Lan Cao was just 7 years old when military forces launched an attack in her city outside of Saigon, Vietnam, in 1968. But she still remembers the chaos: the sound of automatic gunfire, the fighting near her house, how the sky lit up at night from explosions.
The North Vietnamese army and the Viet Cong launched similar attacks in more than 100 other South Vietnamese locations in what became known as the Tet Offensive.

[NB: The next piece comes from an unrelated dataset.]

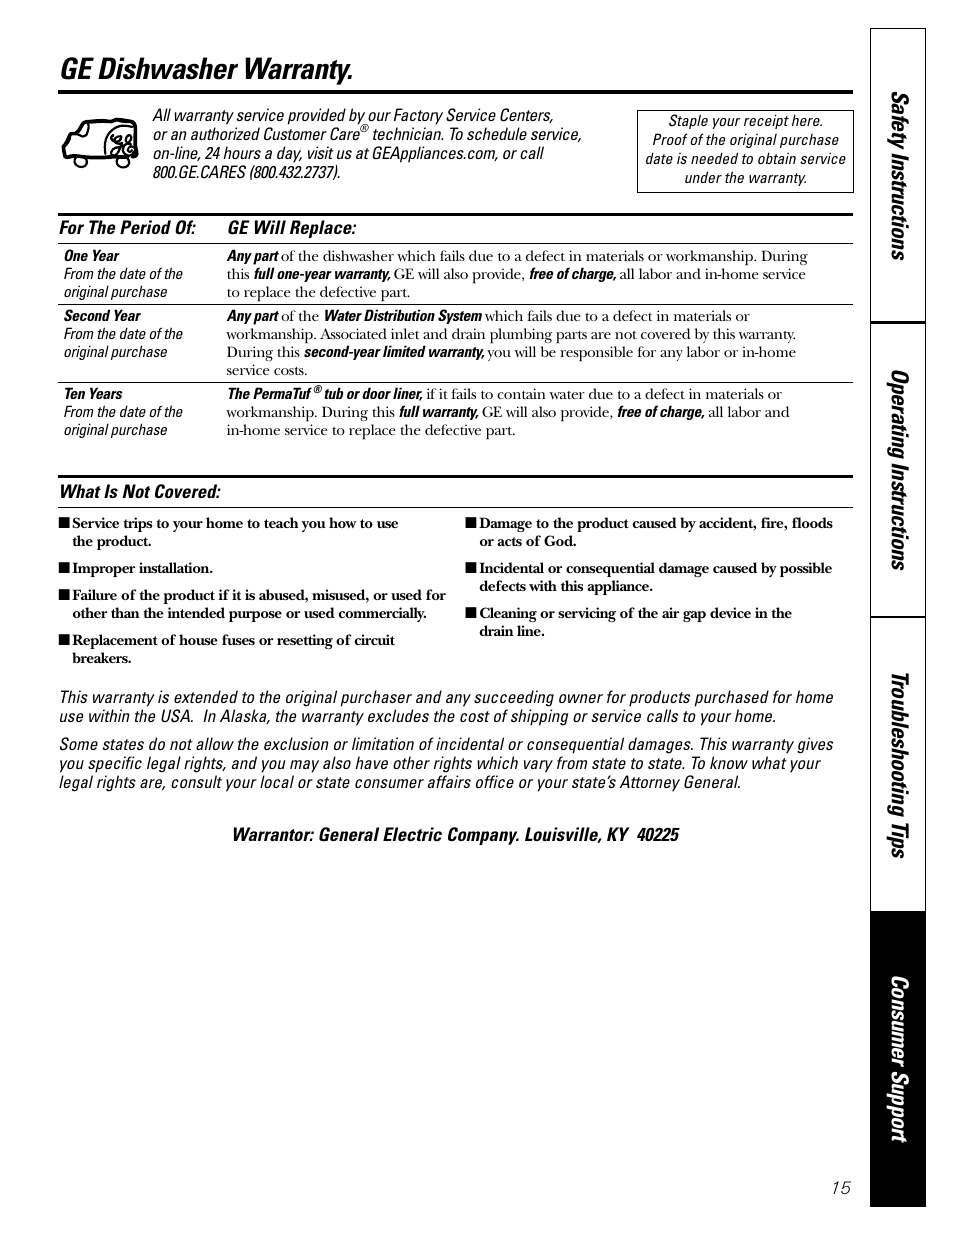 Warranty Ge Dishwasher Edw1500 User Manual

It was one of the biggest military campaigns of the Vietnam War and it began 50 years ago this week.
For Lan, the siege changed her life.
The Viet Cong captured her grandfather, who was a landlord, and killed him.
"My father found that my grandfather had been beheaded, and they had put his head onto the body of a pig," Lan tells her daughter, Harlan, in a StoryCorps interview in Westminster, Calif. in January 2015.
In 1975, Lan's parents told her she was going on a short trip to the U.S. with a family friend, John Fritz Freund, or "Papa Fritz," who was like a second dad to her, she says. The plan — as she understood it — was to stay with his family in Connecticut for a few weeks. So she packed her stamp collection and some books. She wanted to bring her German Shepard, Topaz, but she tells Harlan, Communist forces killed him.
It wasn't until she arrived in the U.S. that it registered that her move wasn't temporary — and she would need to adjust to American life.
"I would watch the American nightly news and see that each city was falling. That was when I realized that, oh my God, I'm not going back to Vietnam, and I'm going to be stuck living in this country without my parents," she says. "I was only 13. So that was when I began to seriously learn English."
Her parents joined her in the U.S. about a month later, and they eventually settled together in Virginia.
In those early days, Lan poured over library books and taped shows on cassettes, putting them under her pillow to play overnight so she could absorb the language.
She later graduated magna cum laude from Mount Holyoke College and earned a law degree from Yale. She's now a law professor living in Huntington Beach, Calif.
"You know, life is like a lotus flower. The lotus flower lives in mud and is open and blooms," she says. "If you come as a refugee with nothing, no matter what trauma you went through during the war — no matter what you have lost — you have to have the mental toughness to start over and to succeed."
That's what she's most proud of, she tells Harlan: "That I did not collapse, and I'm able to pass that on to you."
Audio produced for Morning Edition by Kerrie Hillman and Aisha Turner.
StoryCorps is a national nonprofit that gives people the chance to interview friends and loved ones about their lives. These conversations are archived at the American Folklife Center at the Library of Congress, allowing participants to leave a legacy for future generations. Learn more, including how to interview someone in your life, at StoryCorps.org.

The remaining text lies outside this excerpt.